■ The records
---

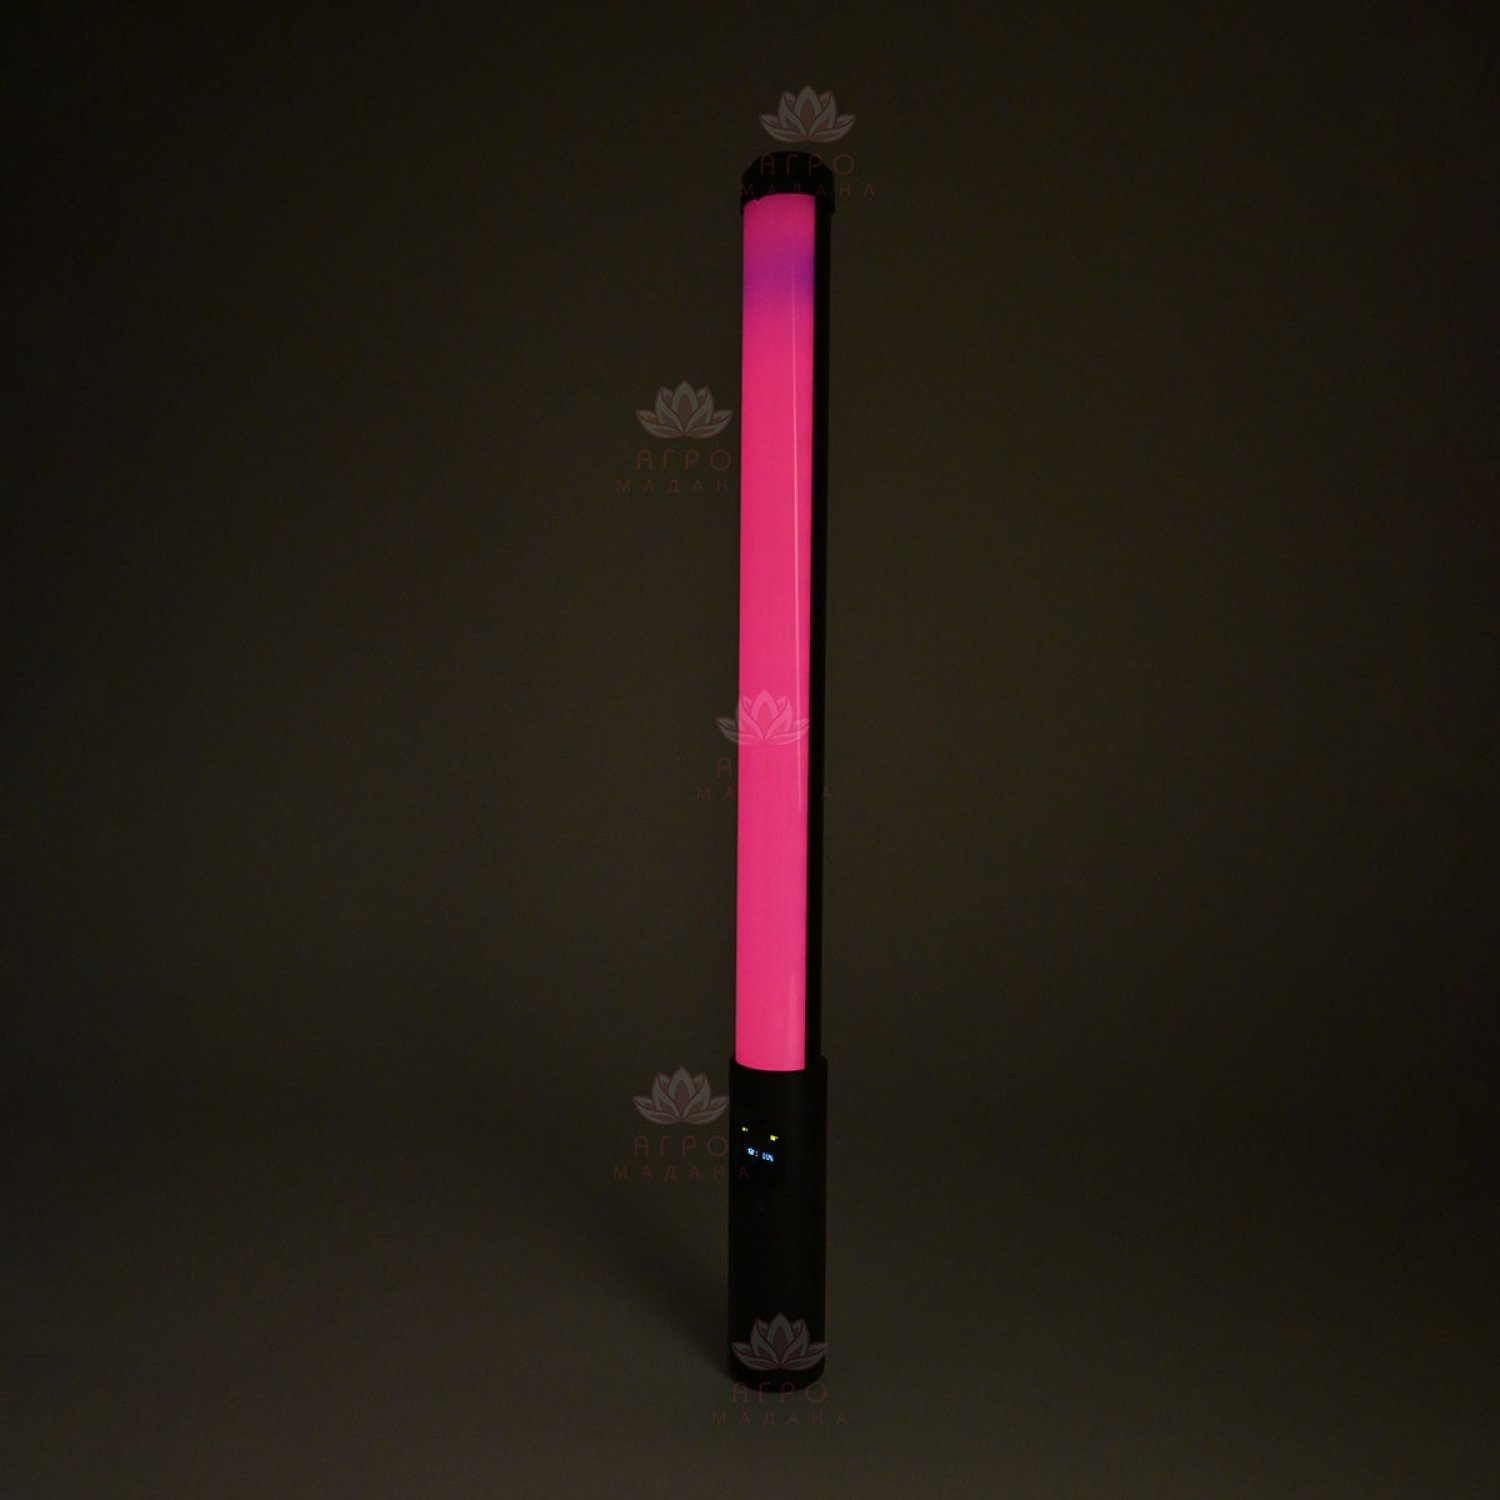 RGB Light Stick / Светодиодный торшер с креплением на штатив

---

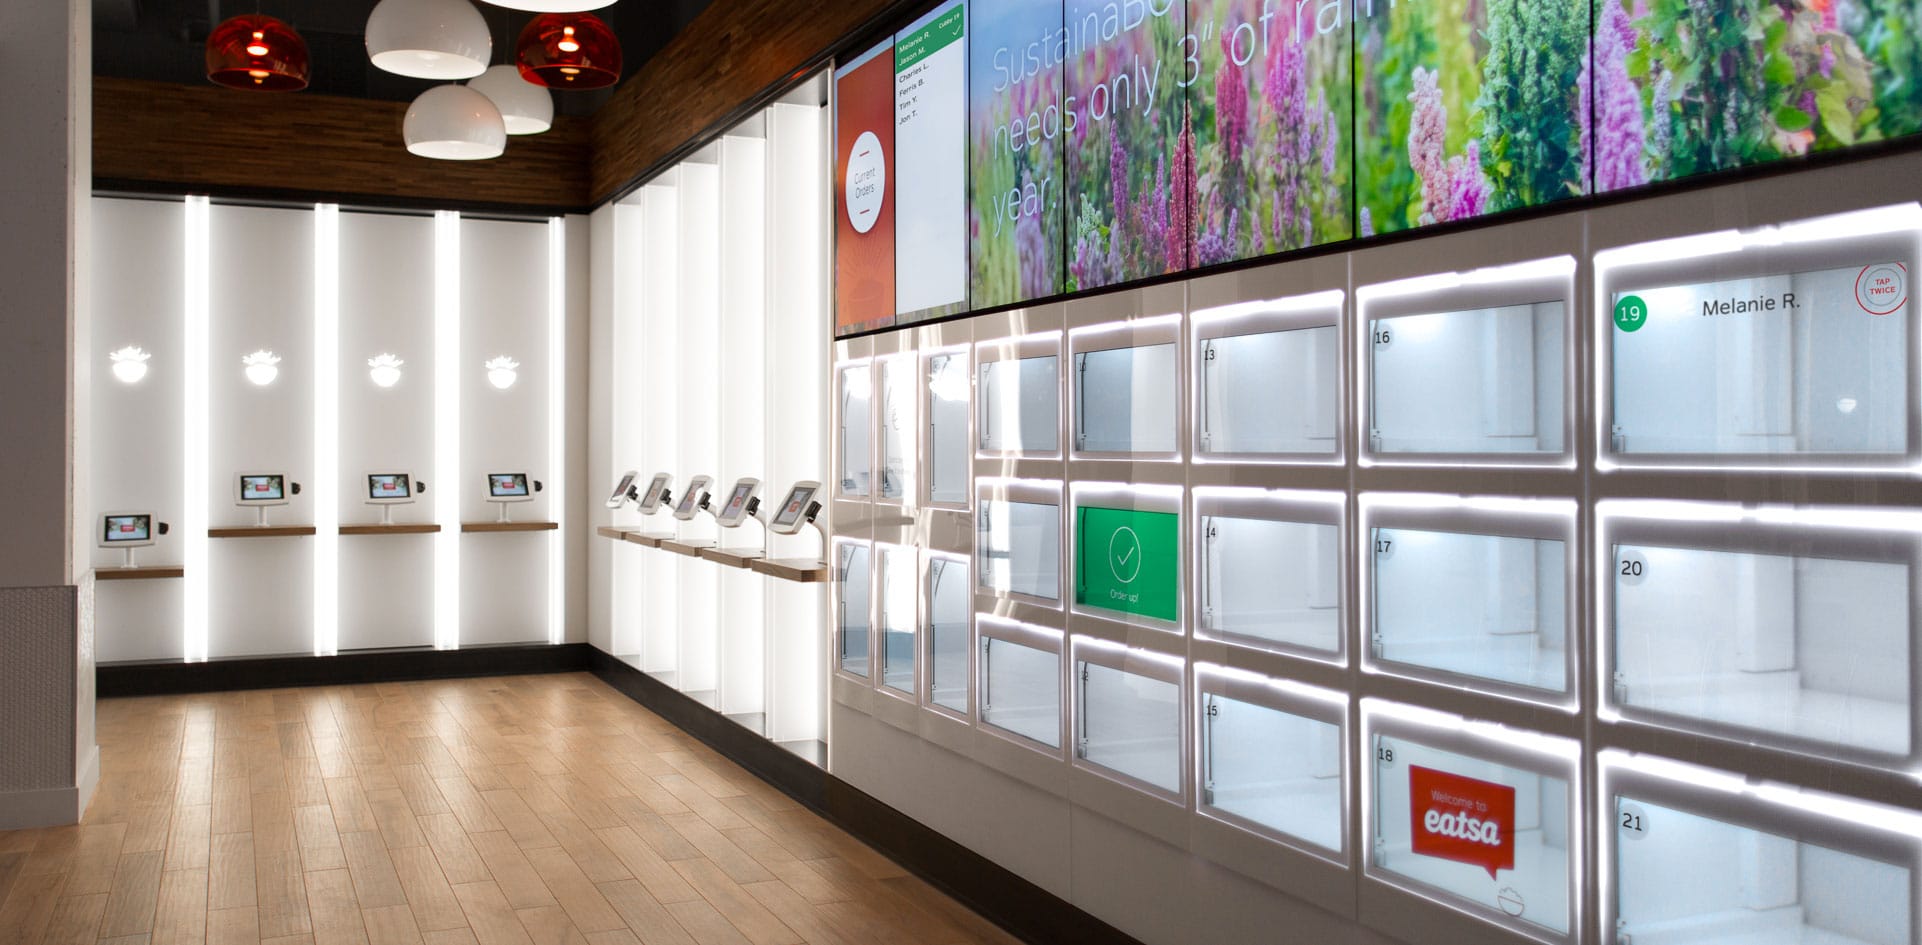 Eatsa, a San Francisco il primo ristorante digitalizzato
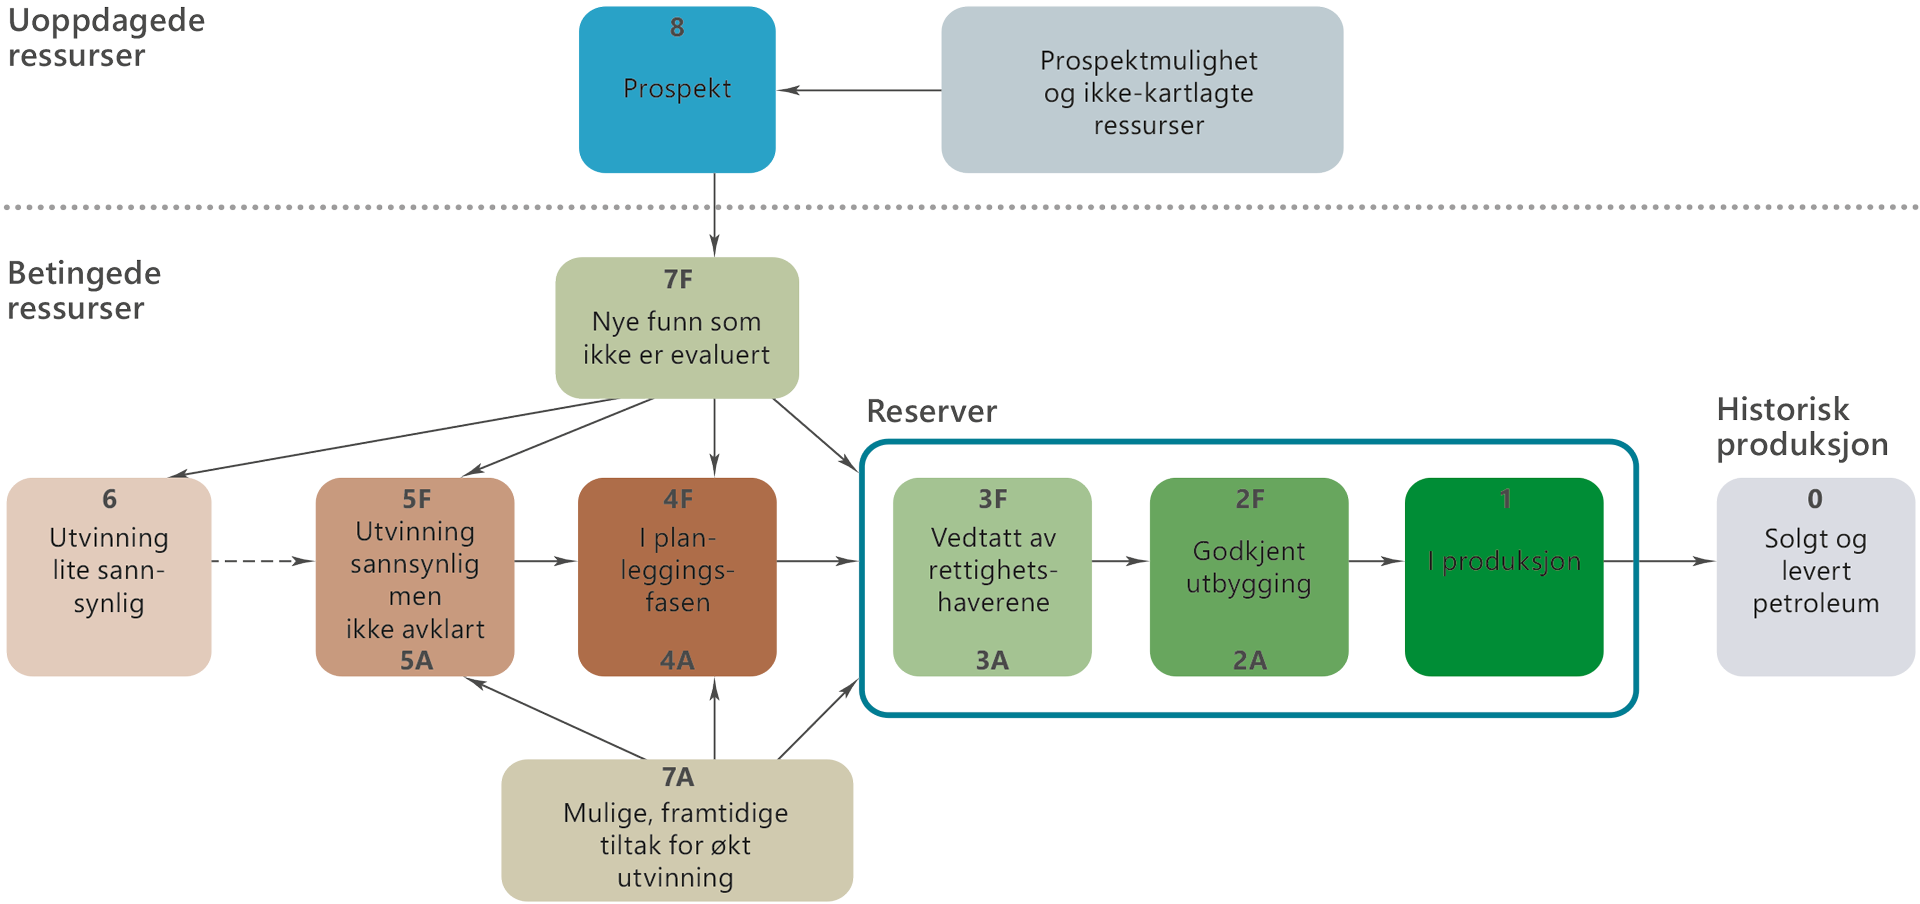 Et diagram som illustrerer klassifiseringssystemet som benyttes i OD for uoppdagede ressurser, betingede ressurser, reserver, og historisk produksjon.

---

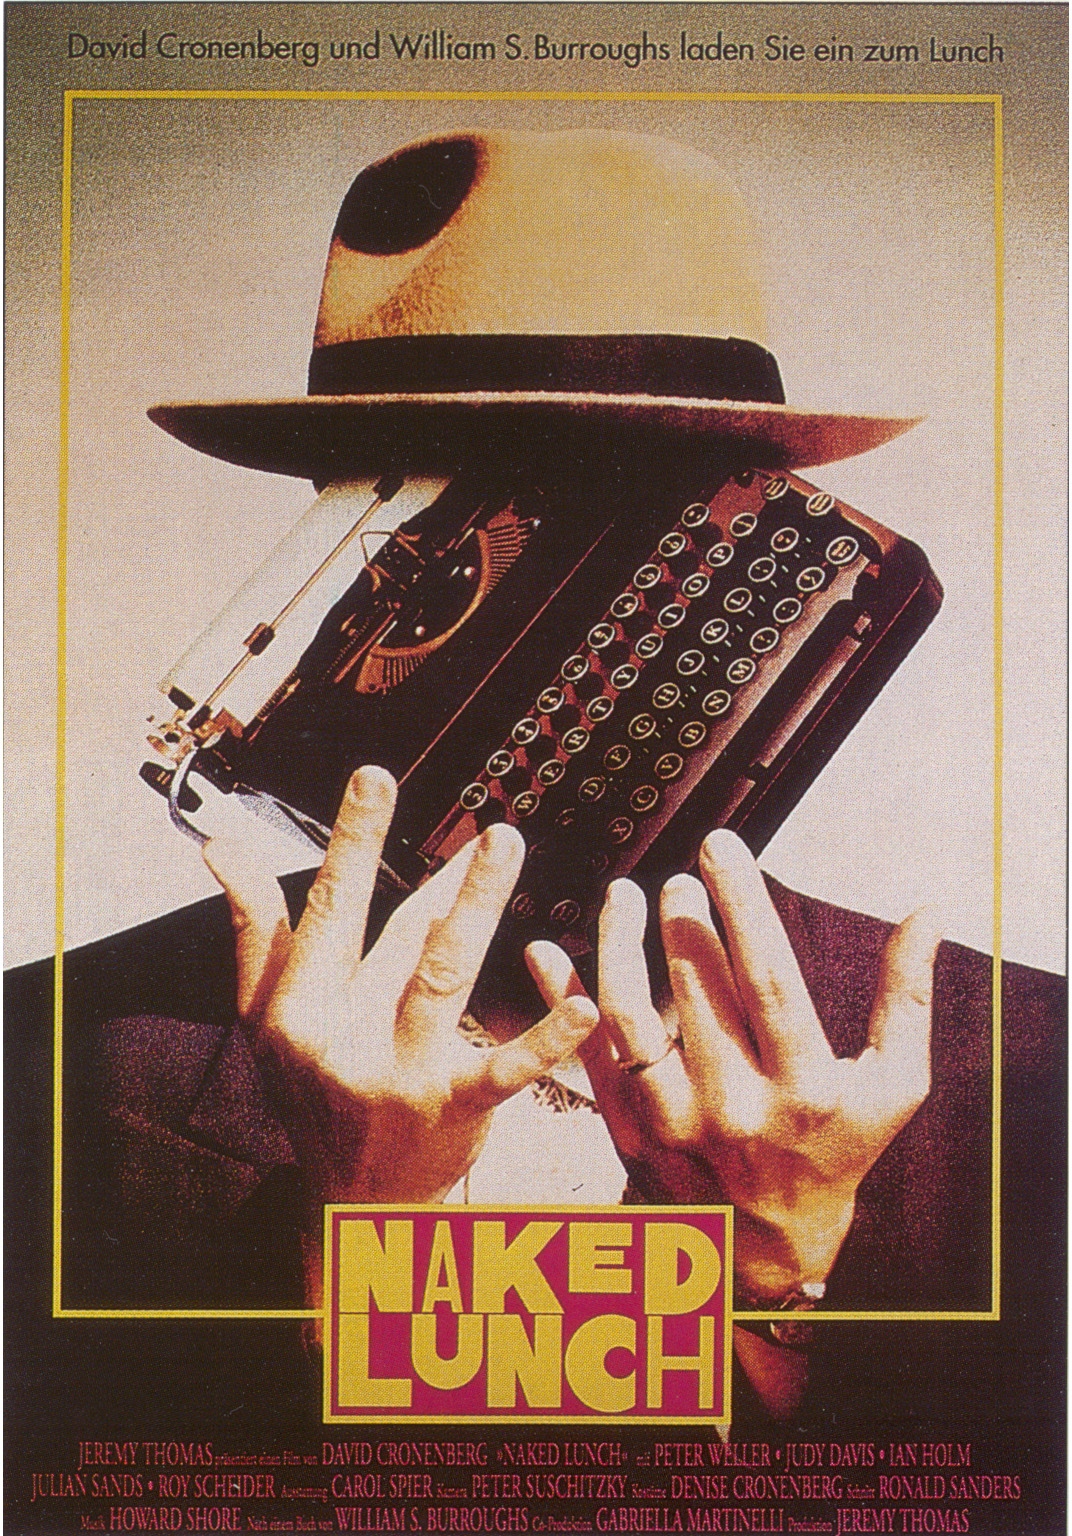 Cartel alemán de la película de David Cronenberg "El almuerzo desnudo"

---

■ Task
Using the records above, repeat exactly the run of lines that starts with the line with "Eatsa, a San" and goes on through the line with "Et diagram som"; omit each picture.

■ Worked solution
 Eatsa, a San Francisco il primo ristorante digitalizzato
 Et diagram som illustrerer klassifiseringssystemet som benyttes i OD for uoppdagede ressurser, betingede ressurser, reserver, og historisk produksjon.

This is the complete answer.